◆ **INFORMATION PROVIDED**:
= = = = =

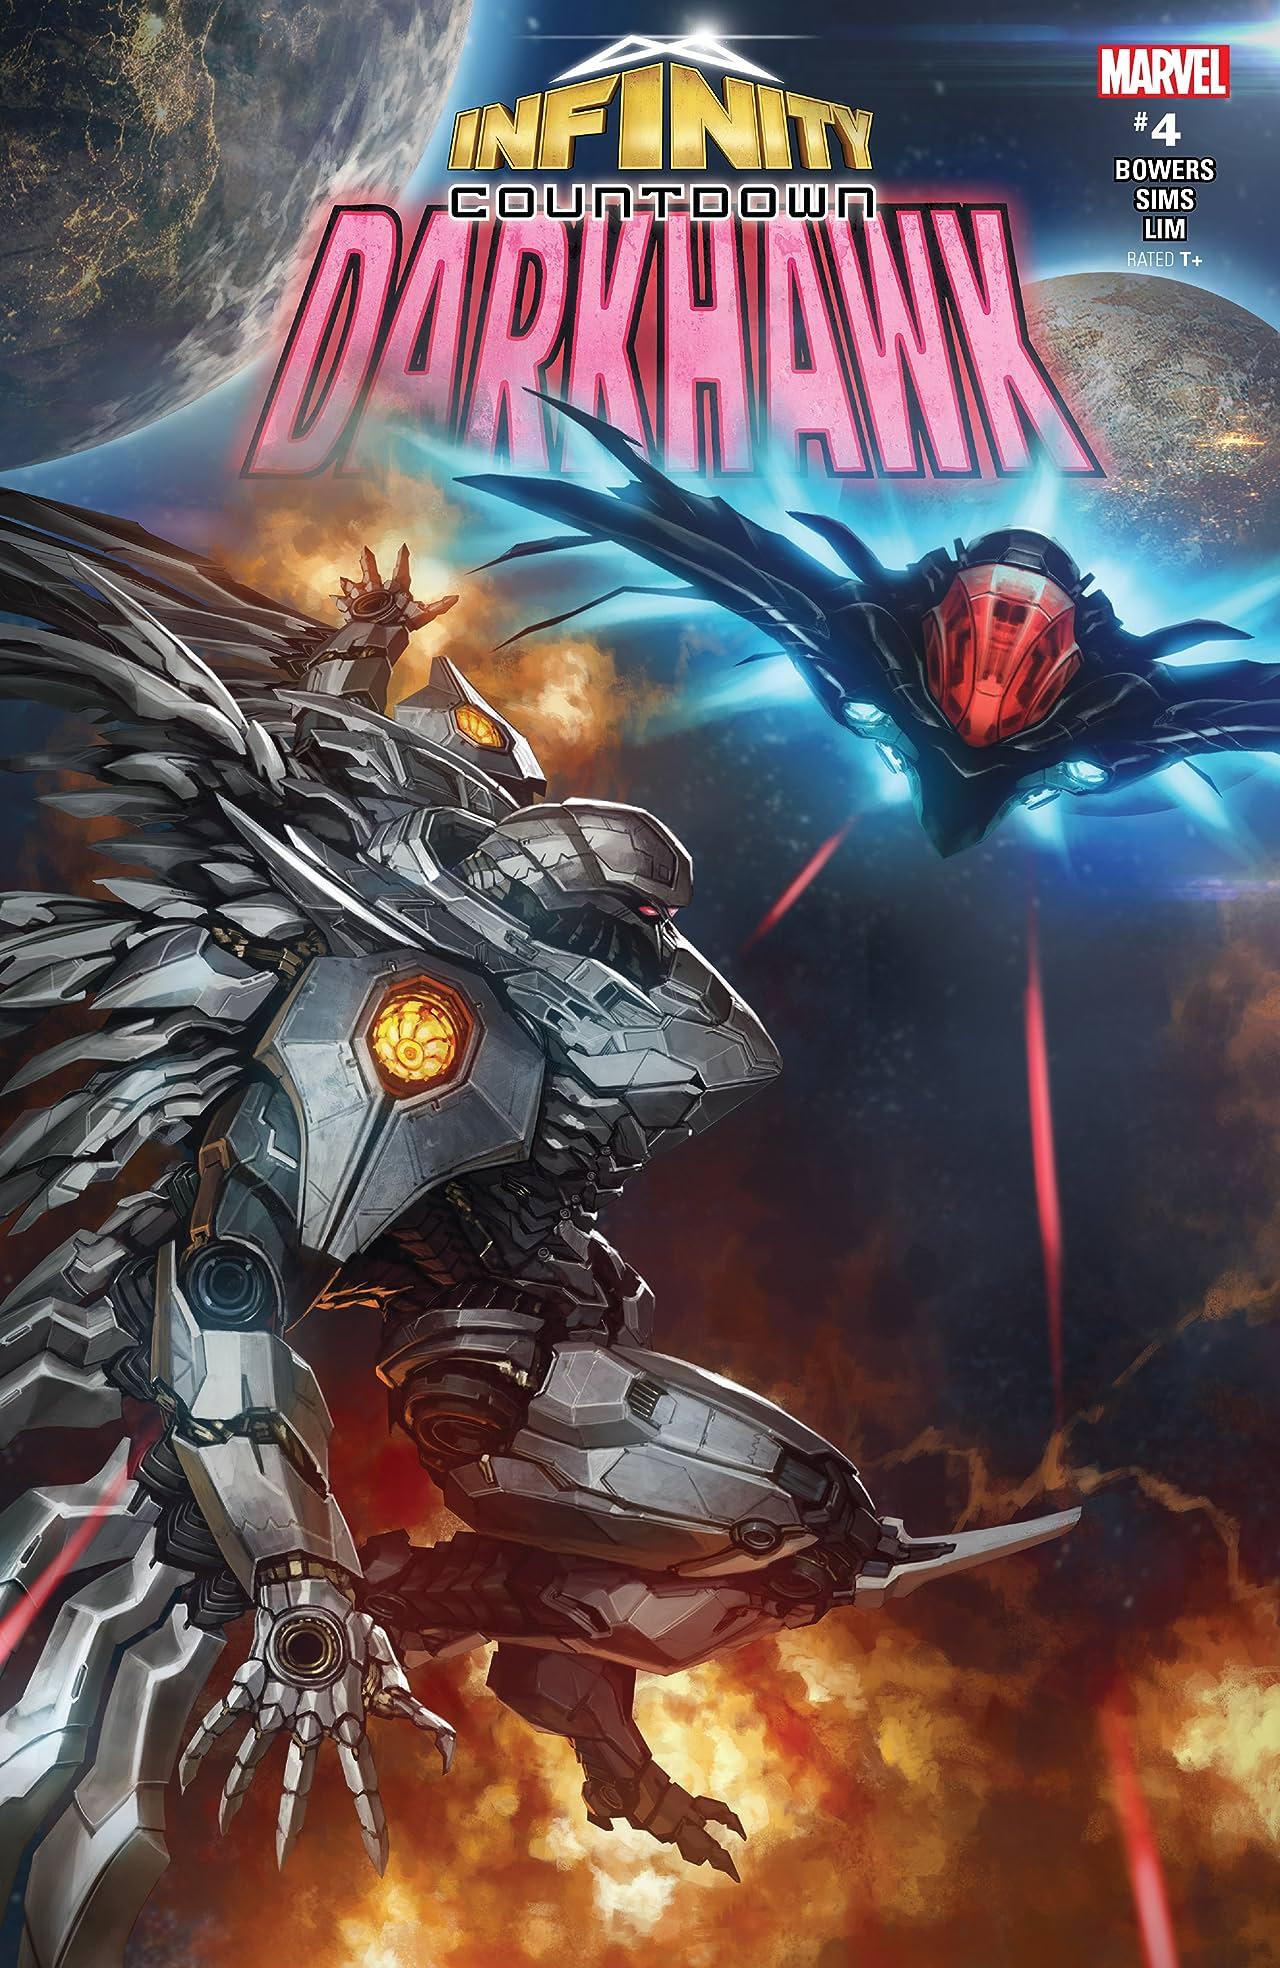 Infinity Countdown: Darkhawk (2018) No.4 (sur 4)
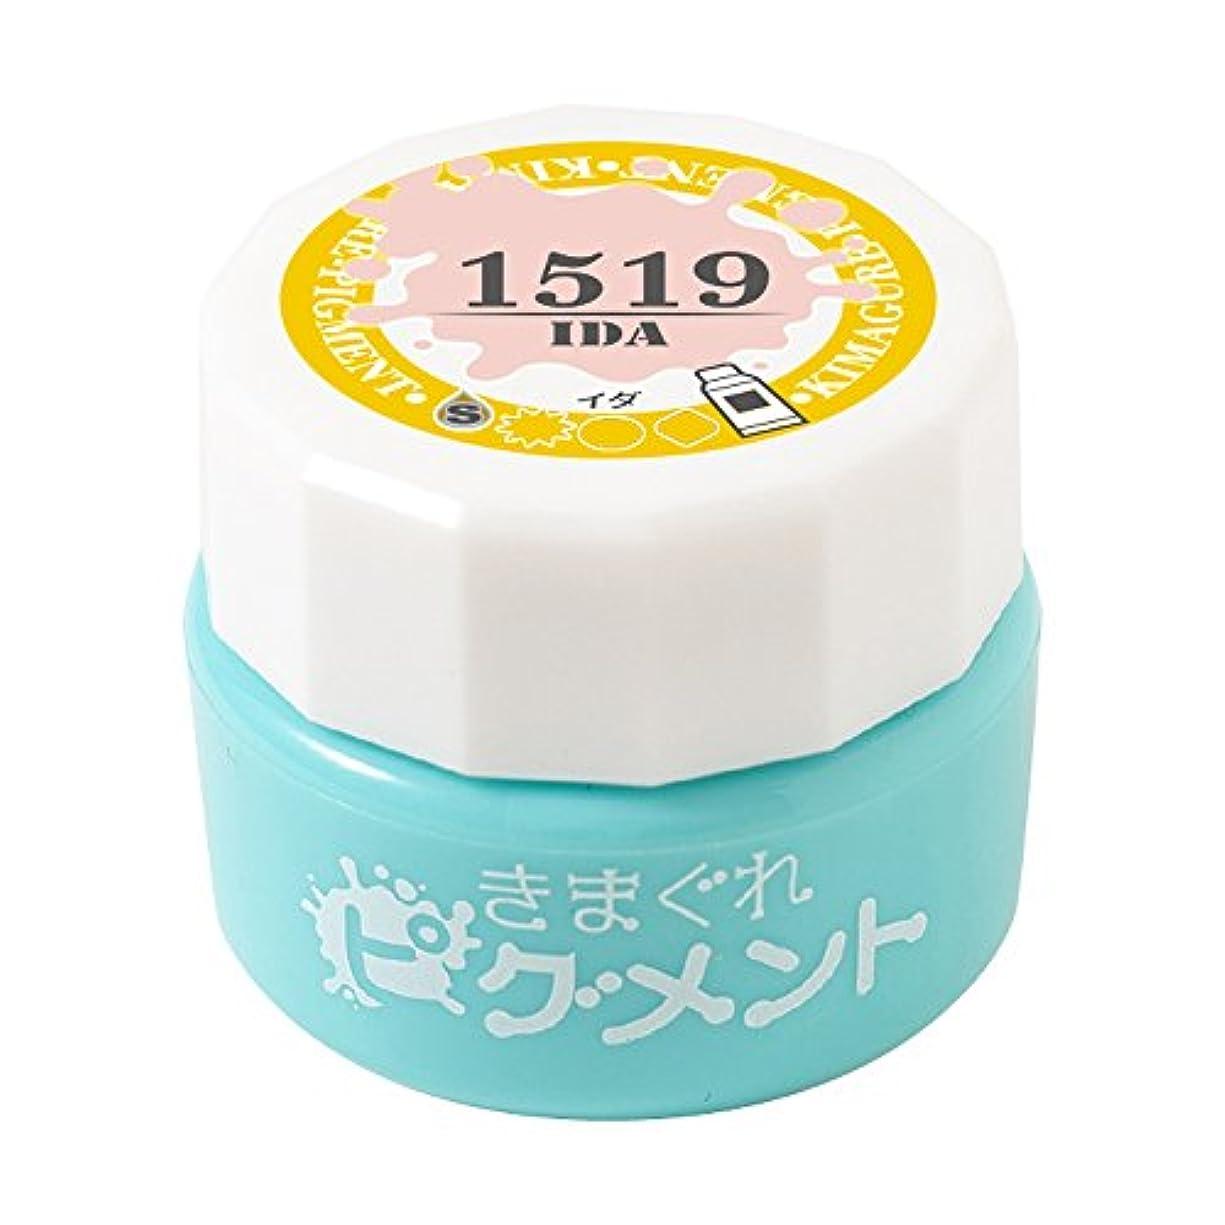 熟練した眉をひそめる洗うBettygel きまぐれピグメント イダ QYJ-1519 4g UV/LED対応
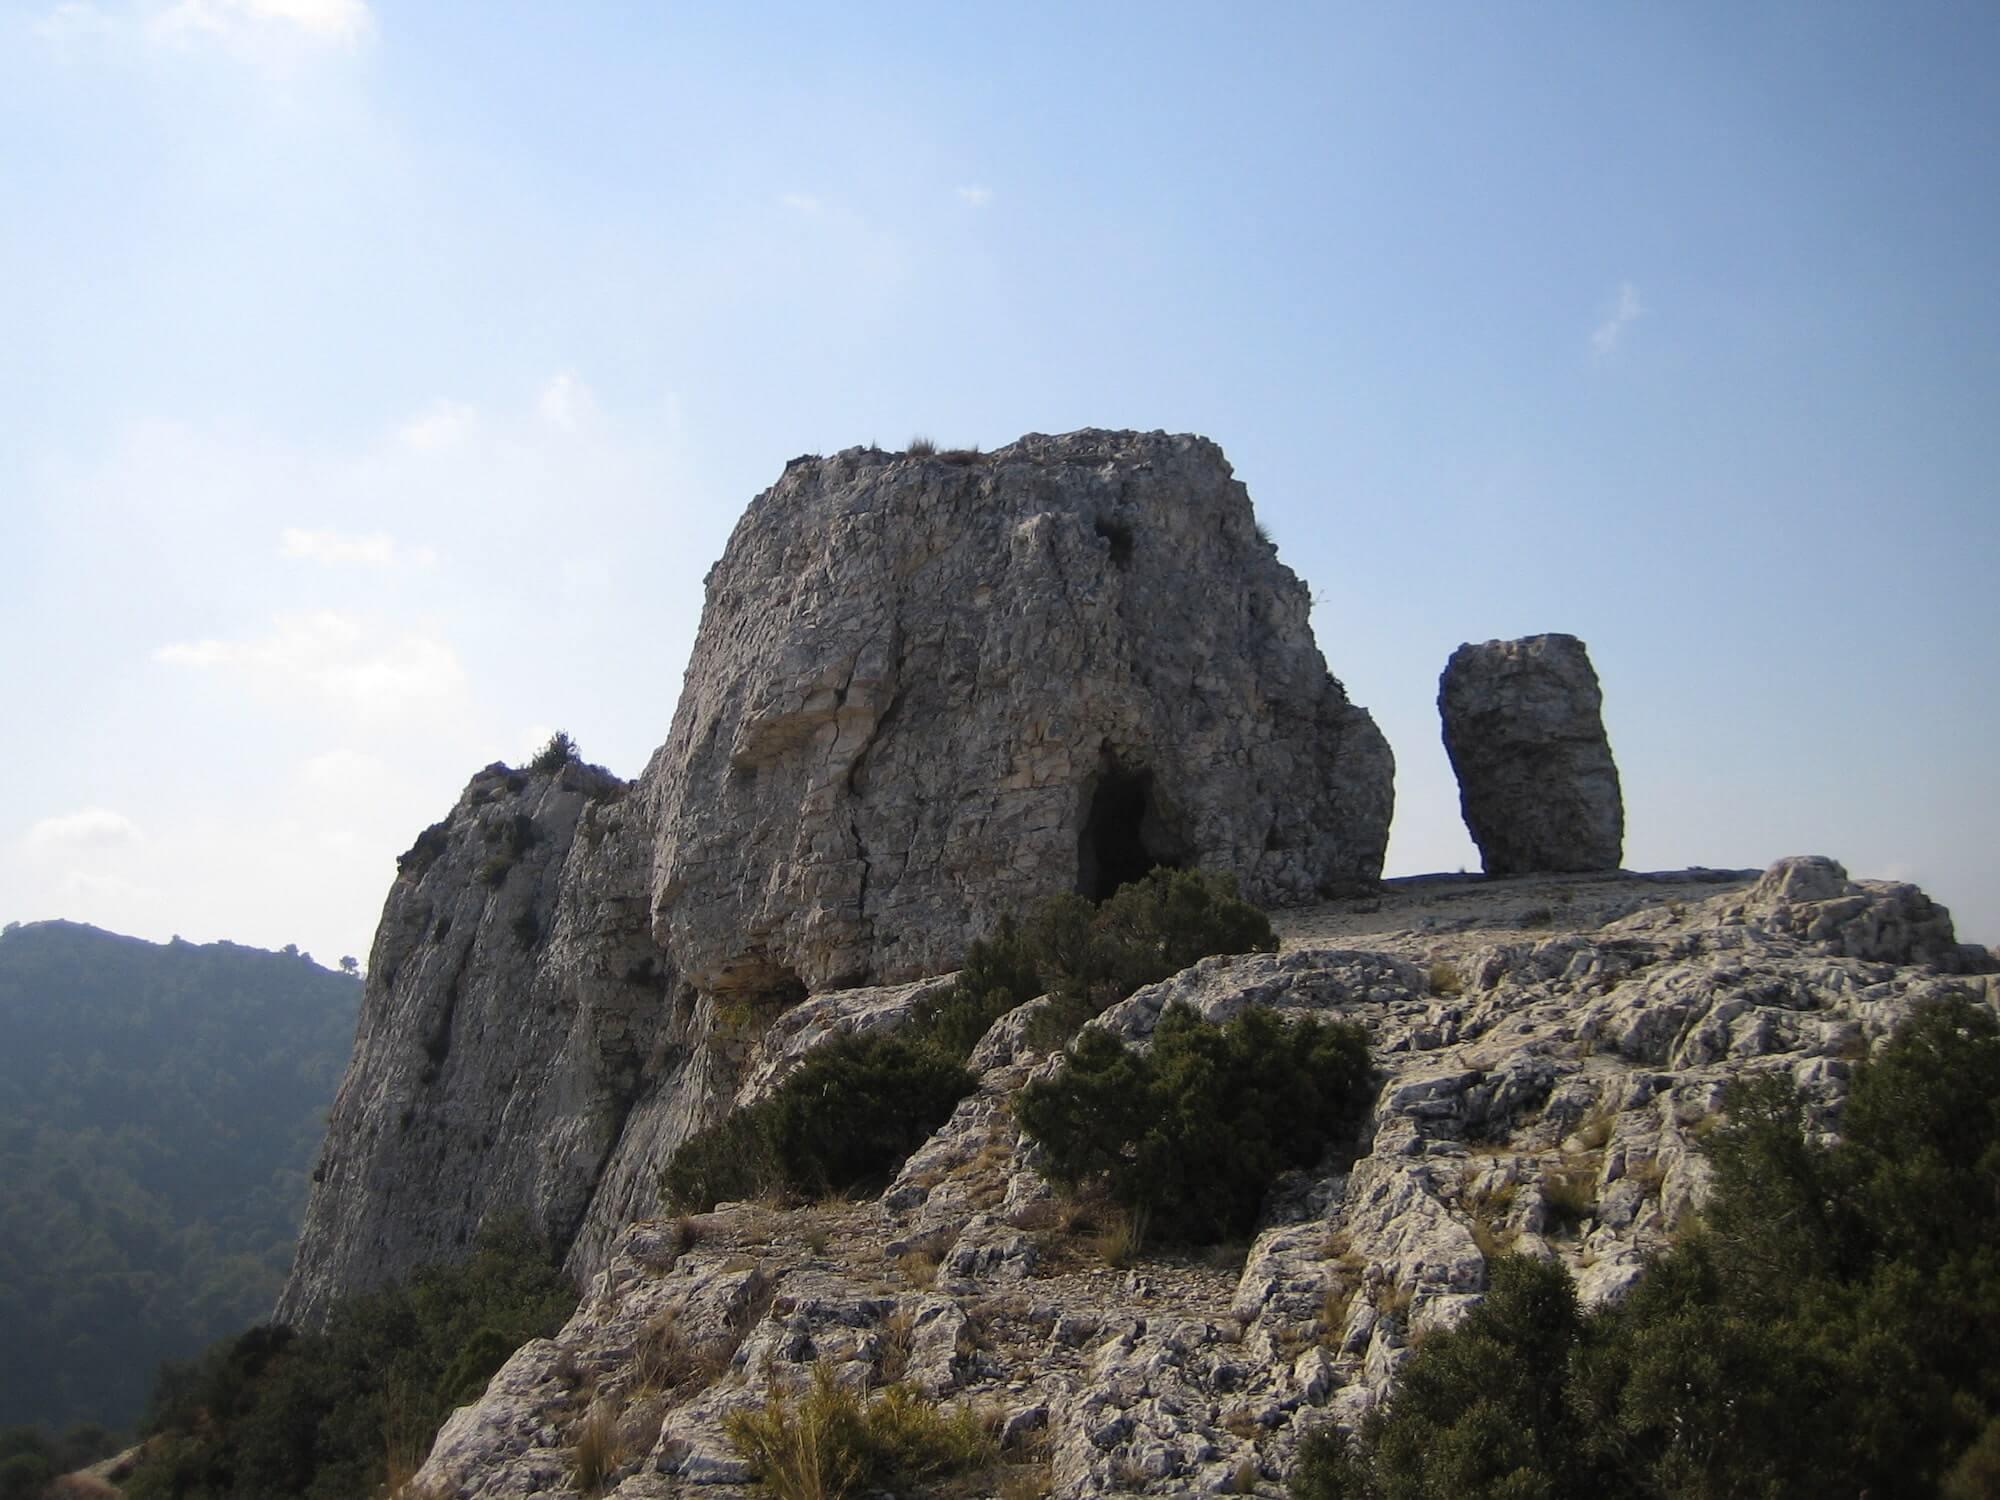 Der Hausberg von Nostradamus - St. Remy

= = = = =

◆ **PROBLEM DETAILS**:
Where the data includes pictures, leave them out and write out everything else exactly.

◆ **REPLY TO THE TASK**:
 Infinity Countdown: Darkhawk (2018) No.4 (sur 4)
 熟練した眉をひそめる洗うBettygel きまぐれピグメント イダ QYJ-1519 4g UV/LED対応
 Der Hausberg von Nostradamus - St. Remy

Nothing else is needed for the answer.